How to complete this task: Your reply is to be the lines below, exactly as written, with images omitted.

Supplied material:
=====
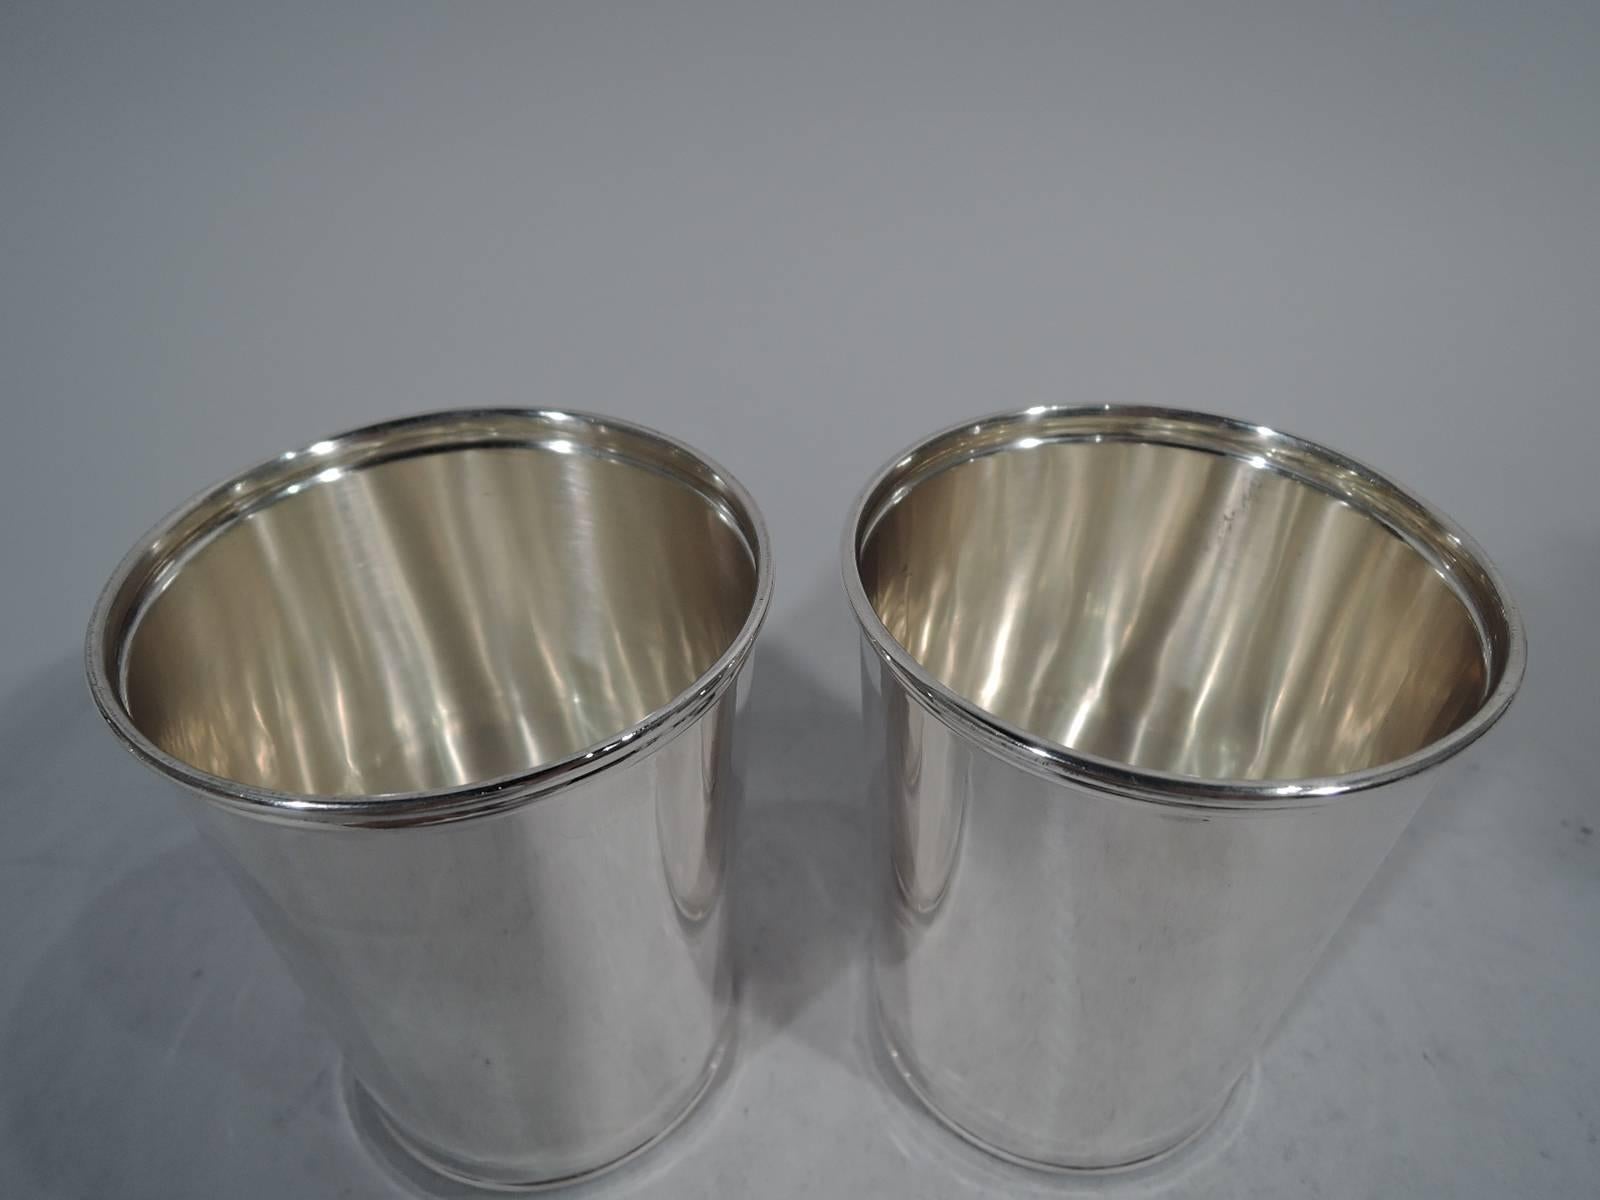 Pair of sterling silver mint julep cups. Made by Frank W. Smith in Gardner. Mass. Straight and tapering sides and molded rim. Nice barware by this maker, who was active until the late 1950s. Hallmark includes no. G106. Total weight: 5.4 troy ounces.
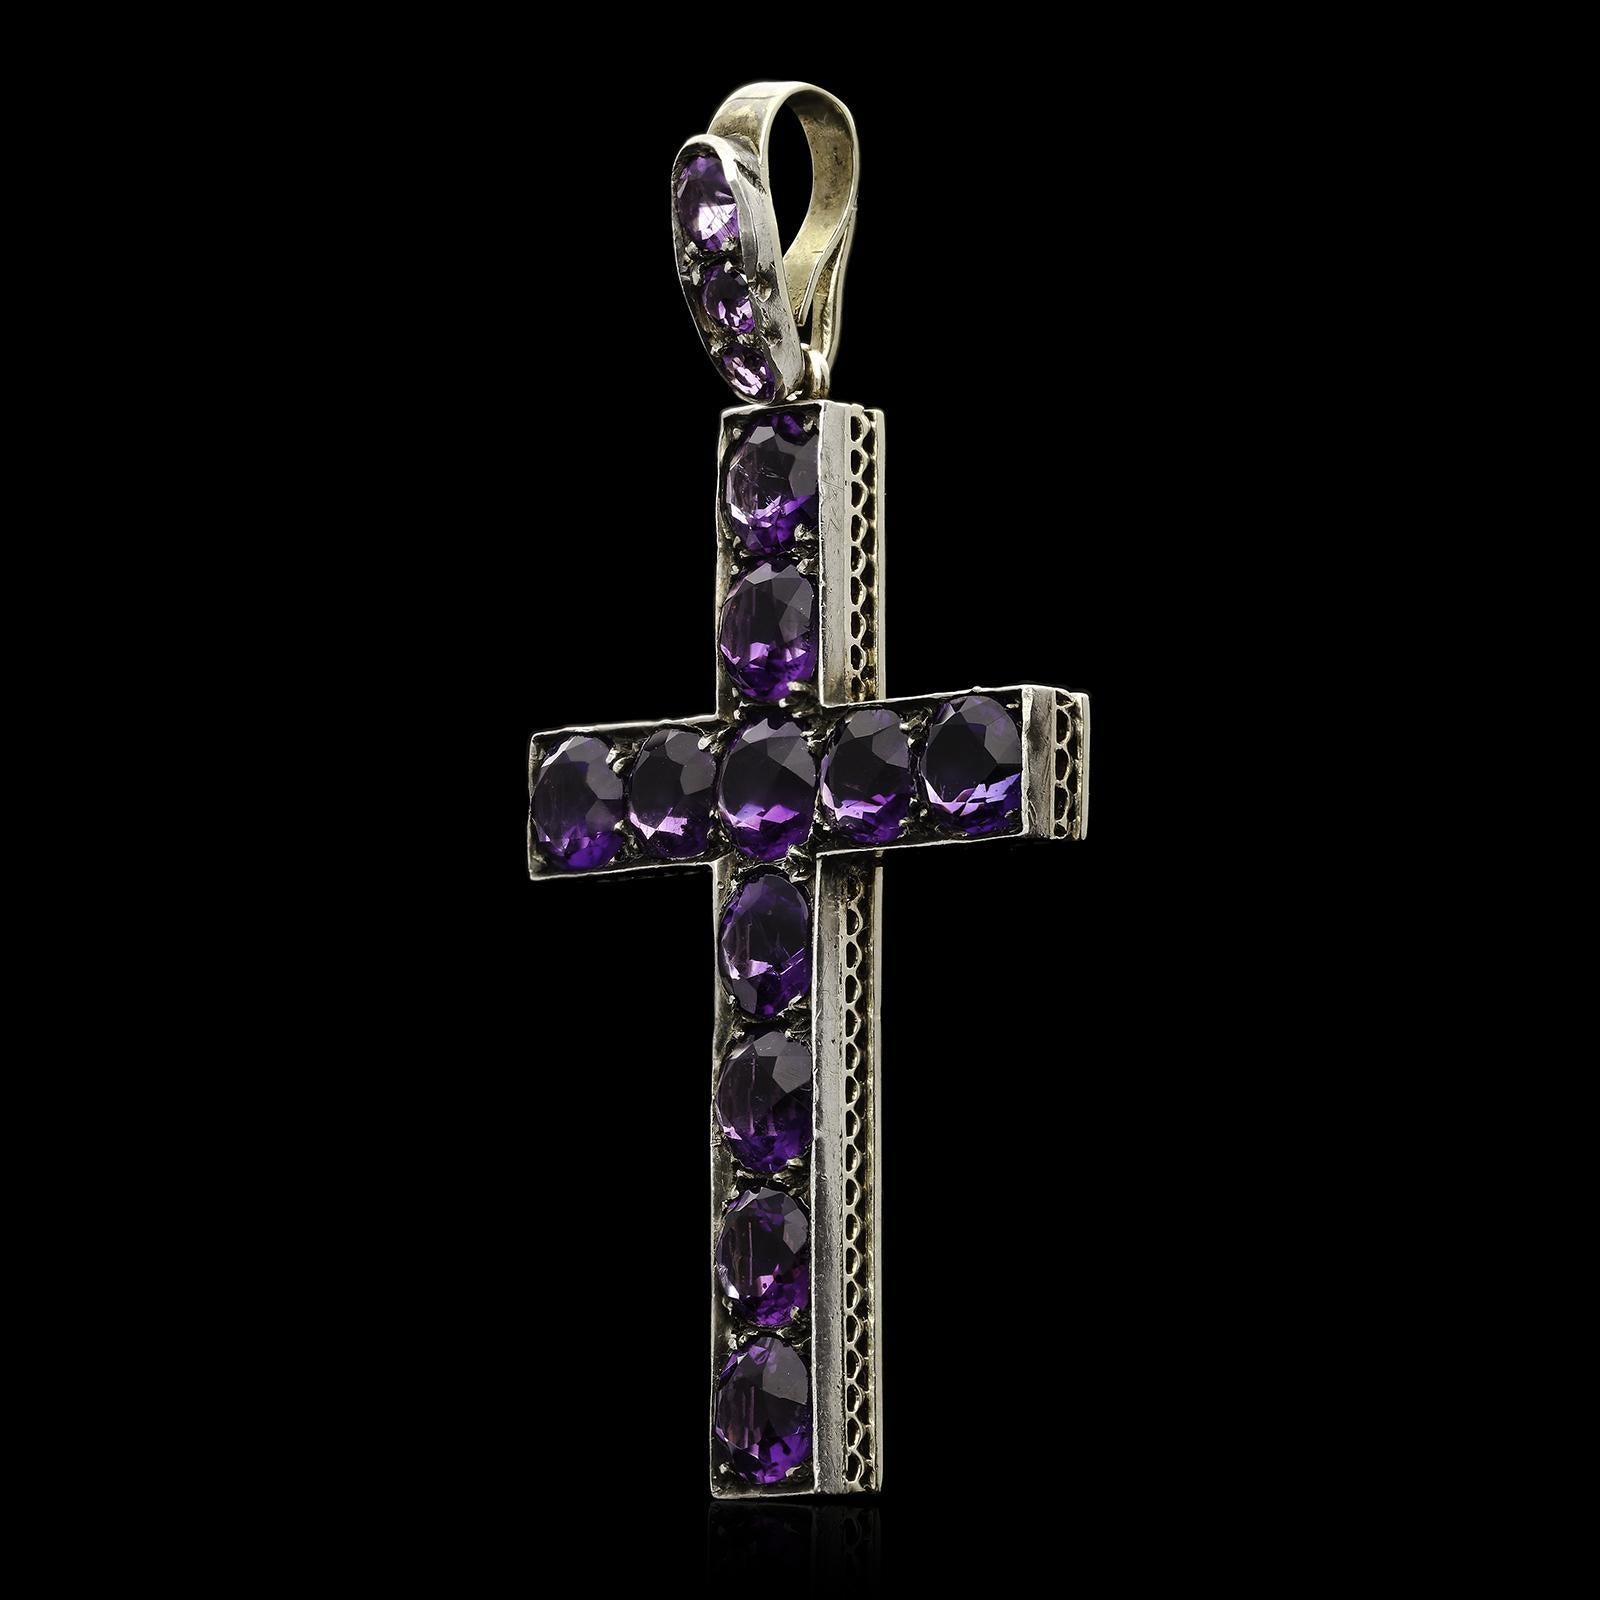 A beautiful Victorian Latin style cross pendant c.1860s set with eleven finely matched round faceted amethysts of deep richly hued purple colour all set in silver backed with yellow gold which has been finely pierced to create a delicate scalloped
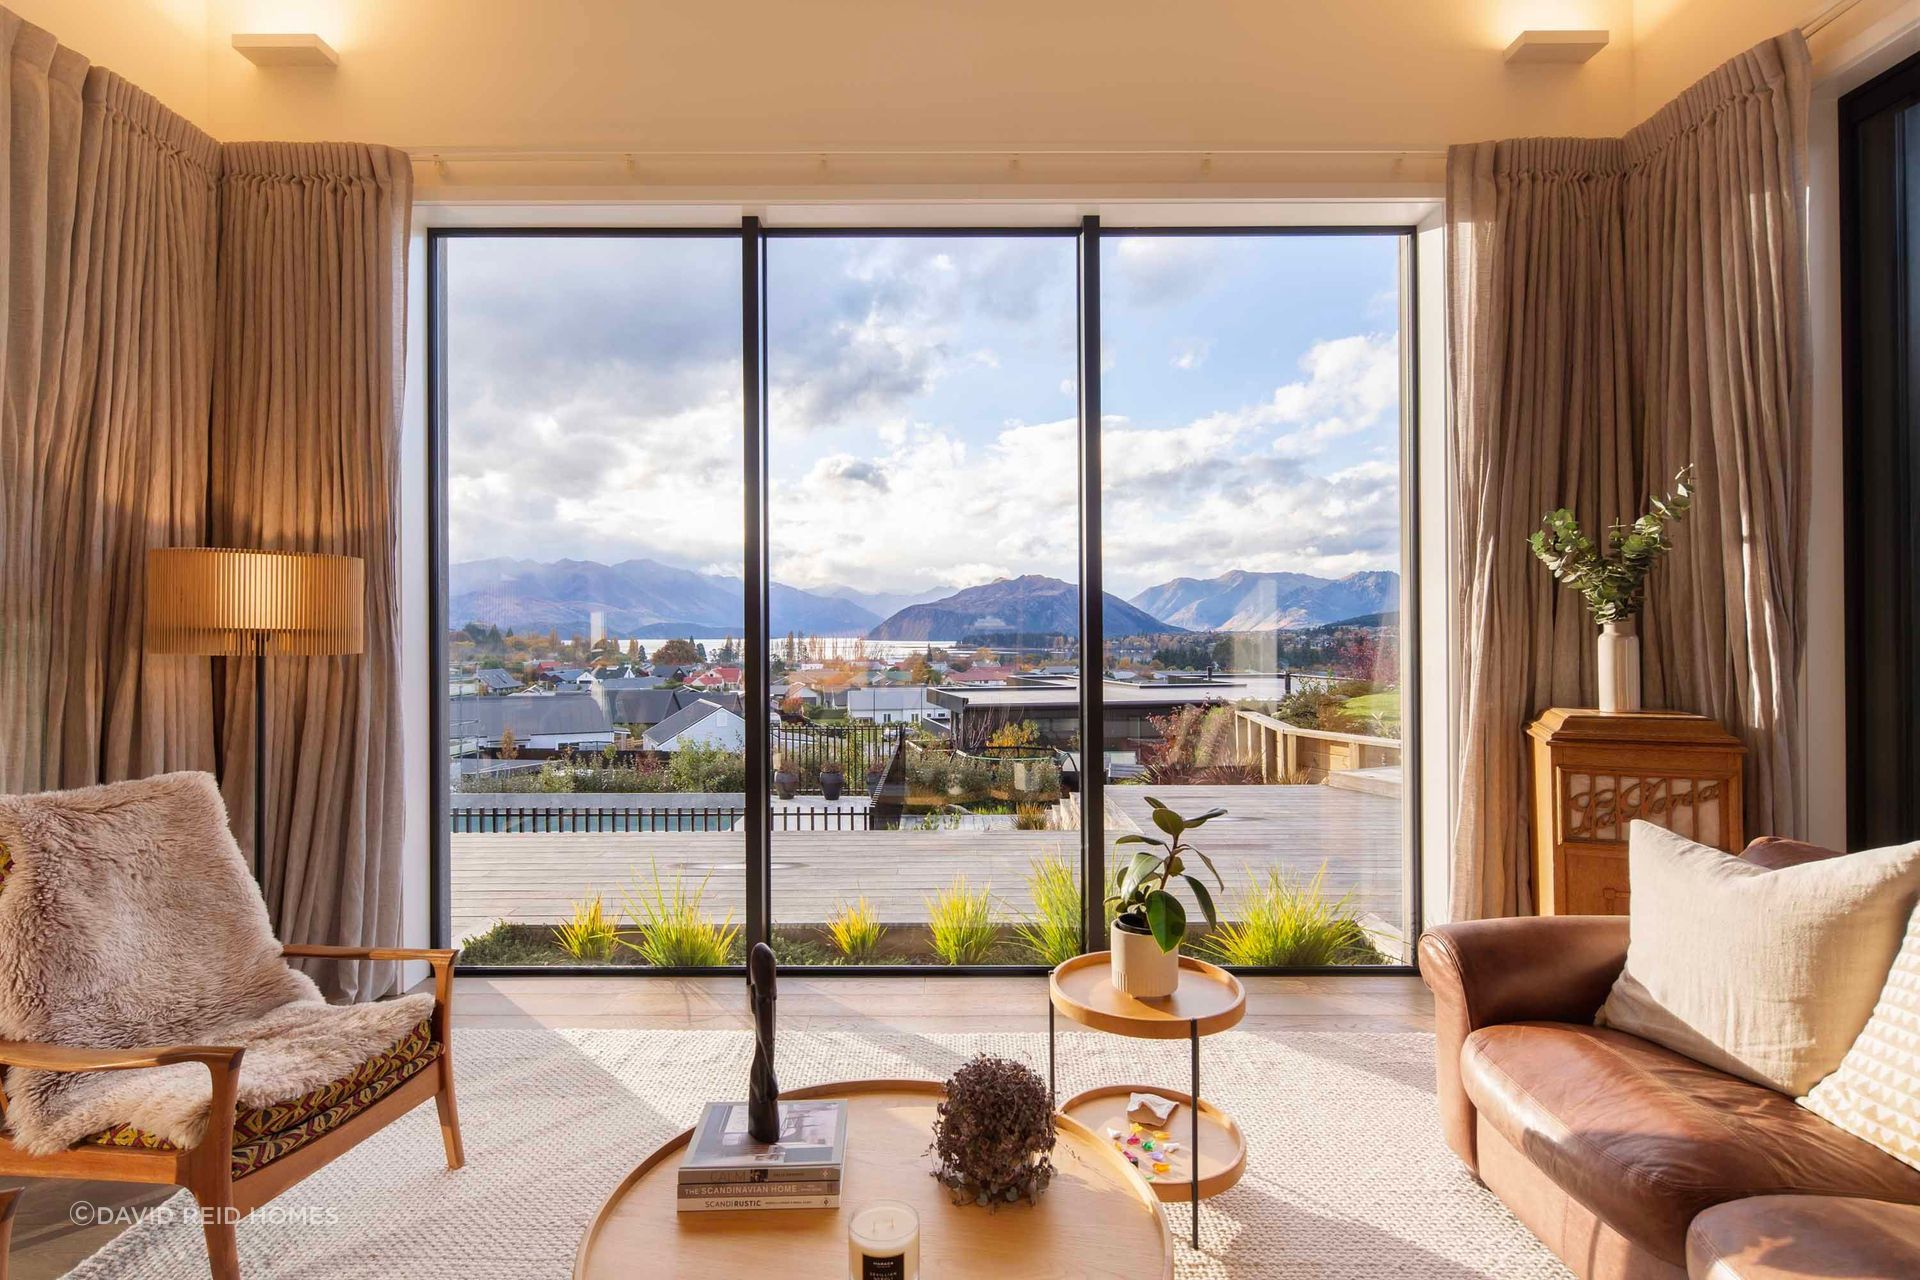 The step-down living room looks out over Lake Wānaka.
=====
Problem solution:
 Pair of sterling silver mint julep cups. Made by Frank W. Smith in Gardner. Mass. Straight and tapering sides and molded rim. Nice barware by this maker, who was active until the late 1950s. Hallmark includes no. G106. Total weight: 5.4 troy ounces.
 A beautiful Victorian Latin style cross pendant c.1860s set with eleven finely matched round faceted amethysts of deep richly hued purple colour all set in silver backed with yellow gold which has been finely pierced to create a delicate scalloped
 The step-down living room looks out over Lake Wānaka.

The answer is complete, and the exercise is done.